== Segment start ==

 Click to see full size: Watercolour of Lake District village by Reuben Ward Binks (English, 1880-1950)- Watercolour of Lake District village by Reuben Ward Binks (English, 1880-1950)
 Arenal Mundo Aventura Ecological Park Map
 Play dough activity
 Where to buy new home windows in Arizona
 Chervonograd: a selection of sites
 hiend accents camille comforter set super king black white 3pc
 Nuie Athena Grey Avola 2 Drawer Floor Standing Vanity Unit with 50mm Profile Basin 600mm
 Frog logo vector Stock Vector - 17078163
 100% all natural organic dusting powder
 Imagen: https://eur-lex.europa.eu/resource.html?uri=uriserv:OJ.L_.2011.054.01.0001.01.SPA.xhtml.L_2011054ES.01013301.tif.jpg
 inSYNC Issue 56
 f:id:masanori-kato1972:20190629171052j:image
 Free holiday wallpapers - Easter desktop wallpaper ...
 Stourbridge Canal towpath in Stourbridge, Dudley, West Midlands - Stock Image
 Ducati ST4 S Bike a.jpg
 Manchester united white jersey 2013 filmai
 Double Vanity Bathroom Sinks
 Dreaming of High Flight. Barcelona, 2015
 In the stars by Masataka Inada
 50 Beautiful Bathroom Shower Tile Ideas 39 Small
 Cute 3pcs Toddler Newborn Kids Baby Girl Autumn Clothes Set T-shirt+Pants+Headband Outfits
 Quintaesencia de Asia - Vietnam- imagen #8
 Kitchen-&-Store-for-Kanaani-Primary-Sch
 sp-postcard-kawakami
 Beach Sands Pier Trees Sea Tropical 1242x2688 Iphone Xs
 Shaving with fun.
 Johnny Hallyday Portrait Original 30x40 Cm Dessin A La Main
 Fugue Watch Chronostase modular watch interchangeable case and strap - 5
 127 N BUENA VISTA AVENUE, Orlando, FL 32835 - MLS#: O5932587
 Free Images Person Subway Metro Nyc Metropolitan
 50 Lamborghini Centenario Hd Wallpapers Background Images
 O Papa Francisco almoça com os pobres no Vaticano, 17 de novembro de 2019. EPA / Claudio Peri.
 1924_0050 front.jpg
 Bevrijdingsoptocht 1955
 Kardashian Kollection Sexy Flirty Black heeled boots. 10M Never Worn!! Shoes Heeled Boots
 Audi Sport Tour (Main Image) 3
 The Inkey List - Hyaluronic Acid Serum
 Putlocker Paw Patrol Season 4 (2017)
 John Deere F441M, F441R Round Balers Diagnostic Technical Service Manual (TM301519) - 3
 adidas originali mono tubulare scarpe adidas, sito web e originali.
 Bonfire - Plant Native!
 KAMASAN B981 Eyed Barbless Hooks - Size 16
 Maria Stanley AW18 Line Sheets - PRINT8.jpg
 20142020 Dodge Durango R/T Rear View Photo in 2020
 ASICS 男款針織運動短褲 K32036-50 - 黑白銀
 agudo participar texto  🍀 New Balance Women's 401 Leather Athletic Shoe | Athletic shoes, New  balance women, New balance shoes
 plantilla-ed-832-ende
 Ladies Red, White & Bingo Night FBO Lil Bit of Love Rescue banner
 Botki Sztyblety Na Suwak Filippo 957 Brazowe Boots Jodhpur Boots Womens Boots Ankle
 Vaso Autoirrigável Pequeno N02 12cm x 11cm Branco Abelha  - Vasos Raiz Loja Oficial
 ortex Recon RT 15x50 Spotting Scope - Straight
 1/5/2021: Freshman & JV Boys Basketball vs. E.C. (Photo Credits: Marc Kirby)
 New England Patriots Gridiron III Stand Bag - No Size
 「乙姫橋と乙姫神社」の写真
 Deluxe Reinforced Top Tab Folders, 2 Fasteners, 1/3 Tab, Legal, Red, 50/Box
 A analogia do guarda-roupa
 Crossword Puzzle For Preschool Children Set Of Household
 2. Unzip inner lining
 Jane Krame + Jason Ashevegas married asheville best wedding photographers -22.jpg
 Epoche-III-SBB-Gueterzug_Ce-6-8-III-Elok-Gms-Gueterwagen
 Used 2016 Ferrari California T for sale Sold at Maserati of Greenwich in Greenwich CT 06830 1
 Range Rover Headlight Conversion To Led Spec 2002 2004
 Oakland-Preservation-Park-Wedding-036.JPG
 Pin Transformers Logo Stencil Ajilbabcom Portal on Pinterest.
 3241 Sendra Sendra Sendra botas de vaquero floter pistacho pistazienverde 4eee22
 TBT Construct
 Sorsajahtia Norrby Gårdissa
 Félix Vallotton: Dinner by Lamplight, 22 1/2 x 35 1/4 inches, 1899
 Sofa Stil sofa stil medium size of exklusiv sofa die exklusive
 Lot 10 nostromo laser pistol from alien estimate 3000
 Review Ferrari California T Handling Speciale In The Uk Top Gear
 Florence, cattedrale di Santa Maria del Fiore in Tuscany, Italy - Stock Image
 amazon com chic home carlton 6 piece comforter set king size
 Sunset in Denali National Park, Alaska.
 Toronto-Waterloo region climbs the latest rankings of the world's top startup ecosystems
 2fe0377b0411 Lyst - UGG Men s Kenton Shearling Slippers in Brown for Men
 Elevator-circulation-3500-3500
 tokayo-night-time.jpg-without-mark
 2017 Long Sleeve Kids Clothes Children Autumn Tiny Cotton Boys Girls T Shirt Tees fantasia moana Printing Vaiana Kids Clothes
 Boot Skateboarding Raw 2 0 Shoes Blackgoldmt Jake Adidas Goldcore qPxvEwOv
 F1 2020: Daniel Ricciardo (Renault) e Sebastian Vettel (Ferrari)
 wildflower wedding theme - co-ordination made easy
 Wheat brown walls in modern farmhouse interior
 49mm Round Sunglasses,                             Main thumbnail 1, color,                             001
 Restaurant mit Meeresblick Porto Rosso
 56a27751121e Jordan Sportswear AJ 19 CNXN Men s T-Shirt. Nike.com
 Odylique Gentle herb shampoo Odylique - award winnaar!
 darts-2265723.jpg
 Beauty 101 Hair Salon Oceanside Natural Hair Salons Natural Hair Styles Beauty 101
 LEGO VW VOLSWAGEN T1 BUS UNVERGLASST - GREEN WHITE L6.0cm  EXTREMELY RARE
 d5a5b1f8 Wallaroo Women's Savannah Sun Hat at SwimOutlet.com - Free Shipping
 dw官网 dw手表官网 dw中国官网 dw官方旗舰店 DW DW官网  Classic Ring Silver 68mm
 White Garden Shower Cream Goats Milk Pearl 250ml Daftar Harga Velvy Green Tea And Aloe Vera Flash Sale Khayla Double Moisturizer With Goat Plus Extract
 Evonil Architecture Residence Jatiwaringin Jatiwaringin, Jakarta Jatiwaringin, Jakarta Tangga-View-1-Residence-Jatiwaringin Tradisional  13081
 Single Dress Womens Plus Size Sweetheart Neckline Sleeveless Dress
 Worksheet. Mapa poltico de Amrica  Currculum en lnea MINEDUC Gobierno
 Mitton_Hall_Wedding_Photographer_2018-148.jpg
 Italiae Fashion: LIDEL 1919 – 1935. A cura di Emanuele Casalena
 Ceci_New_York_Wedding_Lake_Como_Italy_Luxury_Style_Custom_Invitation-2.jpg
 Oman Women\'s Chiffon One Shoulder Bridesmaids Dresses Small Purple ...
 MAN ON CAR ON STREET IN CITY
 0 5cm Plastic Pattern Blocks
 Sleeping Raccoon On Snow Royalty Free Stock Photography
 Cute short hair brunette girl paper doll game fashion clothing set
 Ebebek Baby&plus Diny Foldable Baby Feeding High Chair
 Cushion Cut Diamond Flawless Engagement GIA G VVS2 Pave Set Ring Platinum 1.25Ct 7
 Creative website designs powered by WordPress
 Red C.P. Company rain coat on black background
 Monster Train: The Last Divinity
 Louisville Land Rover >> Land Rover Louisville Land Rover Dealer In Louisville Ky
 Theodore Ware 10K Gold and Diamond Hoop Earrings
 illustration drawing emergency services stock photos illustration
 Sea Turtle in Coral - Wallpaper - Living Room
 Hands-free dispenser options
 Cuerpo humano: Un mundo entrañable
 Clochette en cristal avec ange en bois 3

== Segment end ==

## WORK TO COMPLETE
Within the listing above, give again exactly every line from the line with "wildflower wedding theme" through the line with "darts-2265723.jpg", both included, and no other line.

## FINAL ANSWER
 wildflower wedding theme - co-ordination made easy
 Wheat brown walls in modern farmhouse interior
 49mm Round Sunglasses,                             Main thumbnail 1, color,                             001
 Restaurant mit Meeresblick Porto Rosso
 56a27751121e Jordan Sportswear AJ 19 CNXN Men s T-Shirt. Nike.com
 Odylique Gentle herb shampoo Odylique - award winnaar!
 darts-2265723.jpg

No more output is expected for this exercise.